Not having code running between retries prevents us from having some control and visibility. You can’t choose to abort, you can’t choose a retry frequency to implement priorities : the fairness here is a limitation.
I’ve read it but I’m trying to validate this by reading the code. SQLite wouldn’t be the first database lacking in the documentation department. I’ve learned the hard way by finding a bug in MySQL maybe 15 years ago on Windows that broke the durability guarantees…
I have preliminary ideas on how the checkpointer could do partial updates to the DB files while the readers are accessing it but I see many problems and I’m not yet familiar enough with the on disk format to reach a conclusion.
I feel simple single write mutex is ok for writes, but it can also present in paths with get semantics, such as in GetIndex something (sorry on the phone), or, indirectly, in any of paths with SetKV with some last-seen stats, for example.
In current approach everything seems fine to me, except this weak point.
With respect, I think you overestimate how smart the SQLite busy handling is, and underestimate how smart the Go mutex handling is. The SQLite busy handler is just a loop around short sleeps with retries. Exponential backoff would make this worse as we’d spend even longer just waiting to be able to talk to the database. Go mutexes maintain a queue of waiters with immediate handoff from an unlocker to the next locker.

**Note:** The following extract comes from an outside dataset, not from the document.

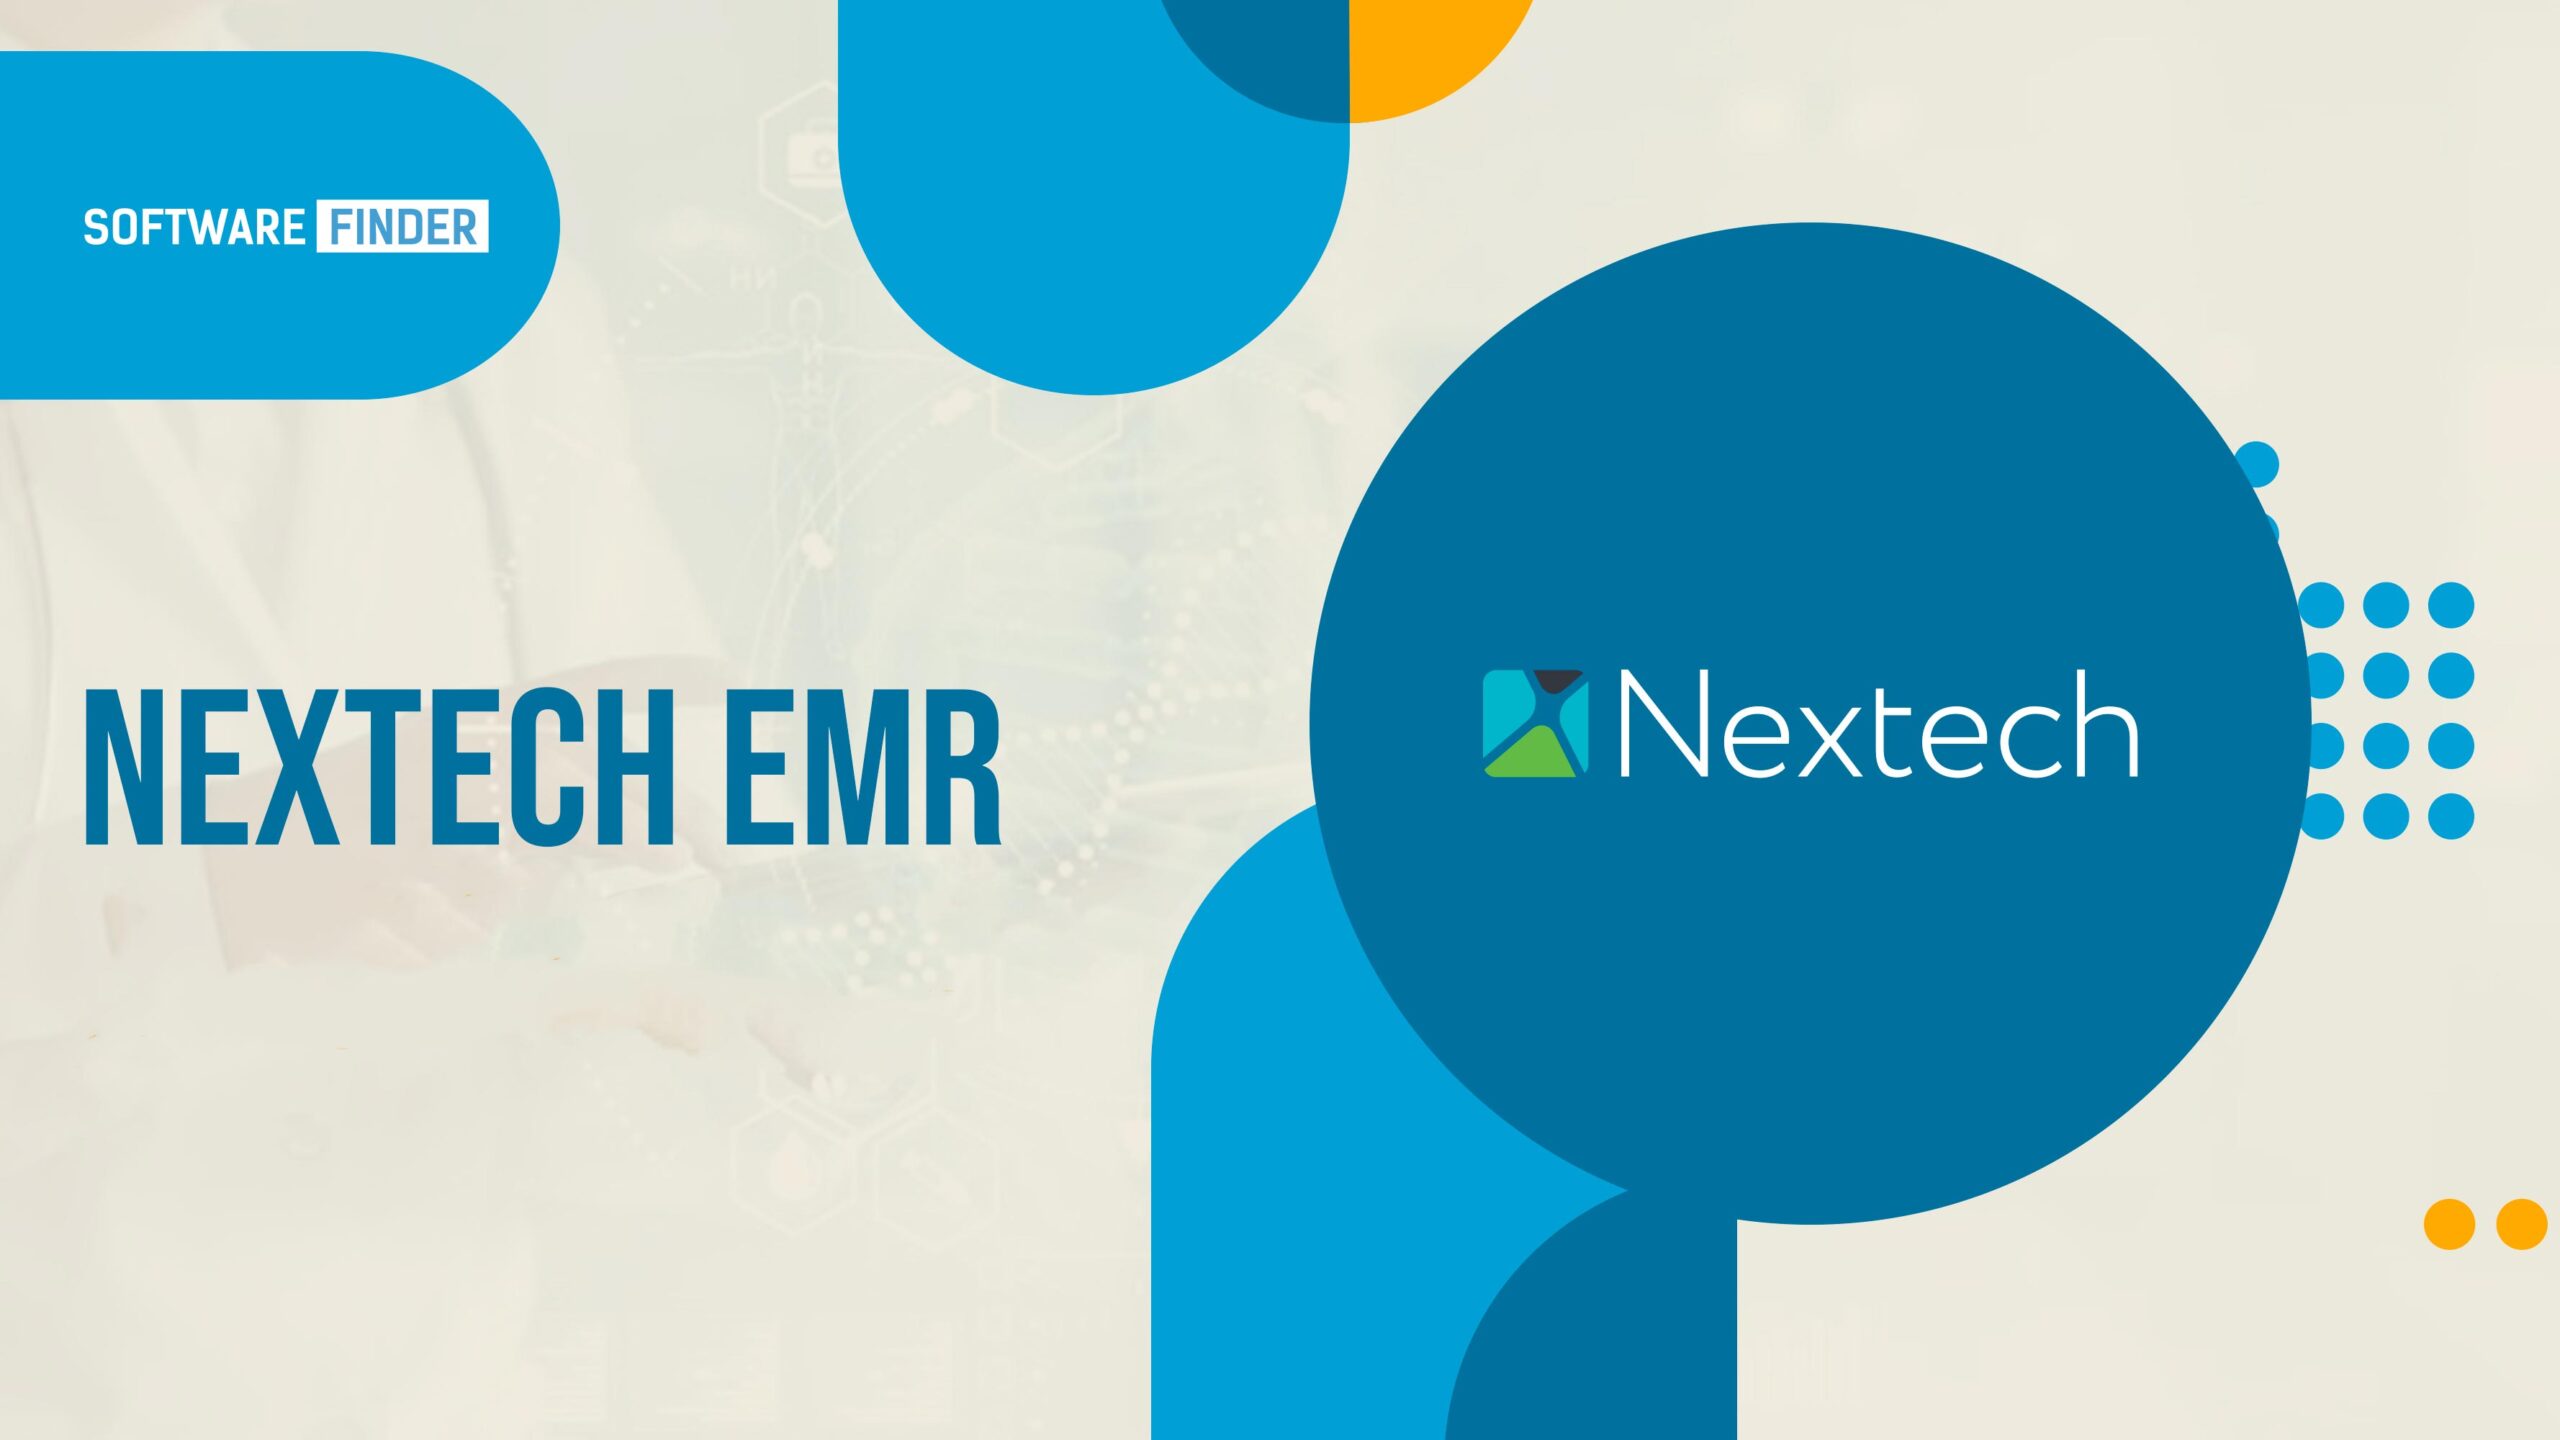 Nextech EMR Software

On isolating readers vs commit, I vote for very high level app logic modifications, such as, not catching readers on SQL layer level, but introduce some higher level backoffs instead. Like stop the world, but from the model perspective. It is fine than it is not a guaranteed procedure then, as it will not control readers directly. But this may introduce other benefits as well, such as global backoff knob, many of us inplement anyway via priorities or GOMAXPROCS.
It will hang anyway. Why not do it controlled then?

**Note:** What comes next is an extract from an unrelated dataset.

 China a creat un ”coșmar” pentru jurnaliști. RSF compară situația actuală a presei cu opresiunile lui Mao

UPD: like, facing a locked mutex on lower layer, is worst possible as it seems to me
The first part is indeed possible, SQLite has evolved quite a bit (I wasn’t even aware it supported TRIGGER a week ago…) from what looked initially like a minimal implementation of SQL on top of a single file. This leaves me with quite a bit to learn about it… which is why I’m reading its code.
For the second part, given what GO was designed to do I don’t have any reason to underestimate it.
But to put things in perspective : we are speaking nanoseconds vs milliseconds. updateLock preventing SQLite to waste milliseconds has slowed one folder to the point that I’m still waiting for it to finally begin to sync again after 2 months…
I think we are seeing the edge of the woods for this folder. But you’ll understand that with my recent experience I’m more willing to accept wasting some milliseconds to gain more control on how the queries are fed to SQLite.
It seems that there are two problems involved here.
You are optimizing maintenance which is just GREAT. No kidding. But practical approach would also like just lets do it rarely. And interleave it with restarts/pauses/… to make a commit.
Another point of the problem is that you are having exactly like 20 file updates per second as I computed for you graphs (I may be wrong, correct me then). This is just 20 per seconds fsyncs to the storage, on each update, on each new WAL record. Very typical TPS for just RAID fsync. This can be faster or slower but if you respect write barriers, it will be this TPS no matter what.
It is A LOT slower than anything about locking etc. And will stay no matter what, before someone introduce batches here. Why do you think that generic rewrite of the whole contention logic will improve it here?
If that explained, maybe other parties will have some insights. I think this is the current tension which prevents the agreement on means proposed.
UPD: me here in the same boat. Not complaining about “your storage is slow” - I am against this kind of thinking.
OK, I hear you, both, so let me be the one to hurt your feelings – your storage is too damn slow. There is really no excuse in 2026 to have the database on mechanical disks when you’re clearly building a high performance system and throwing a lot of hardware on it. Spreading it over multiple disks won’t help at all with sync write IOPS. Get a couple of NVMe:s in there.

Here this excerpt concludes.